Source data:
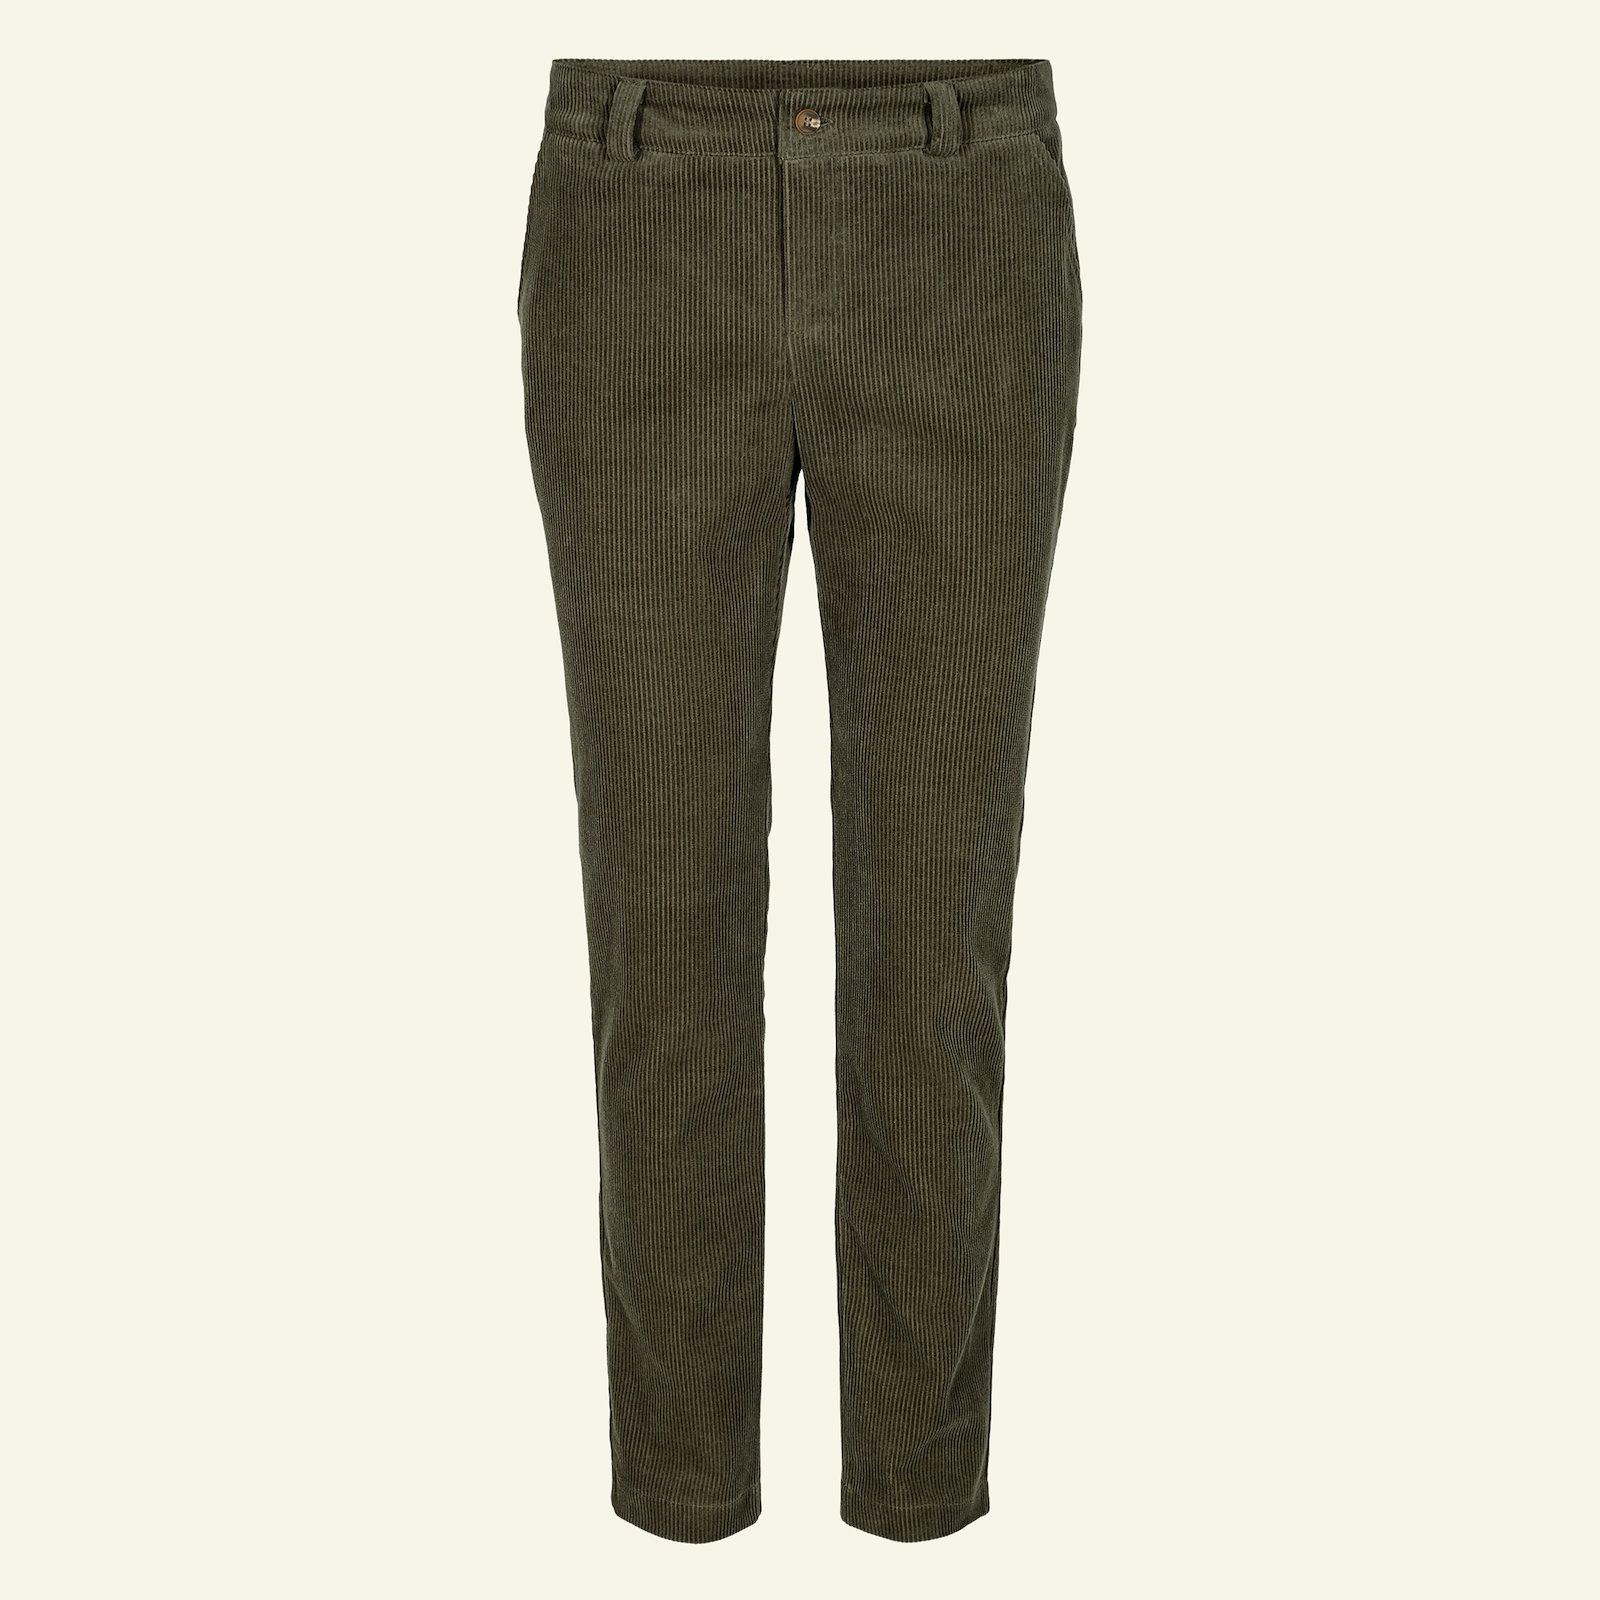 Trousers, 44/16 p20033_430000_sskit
--
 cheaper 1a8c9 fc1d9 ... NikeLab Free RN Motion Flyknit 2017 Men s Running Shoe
--
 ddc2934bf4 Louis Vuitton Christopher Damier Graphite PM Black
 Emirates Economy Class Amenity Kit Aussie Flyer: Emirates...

Work required: Would you print exactly and only the lines of the material above that run from the line with "ddc2934bf4 Louis Vuitton" through the line with "Emirates Economy Class", both included?

Solution:
 ddc2934bf4 Louis Vuitton Christopher Damier Graphite PM Black
 Emirates Economy Class Amenity Kit Aussie Flyer: Emirates...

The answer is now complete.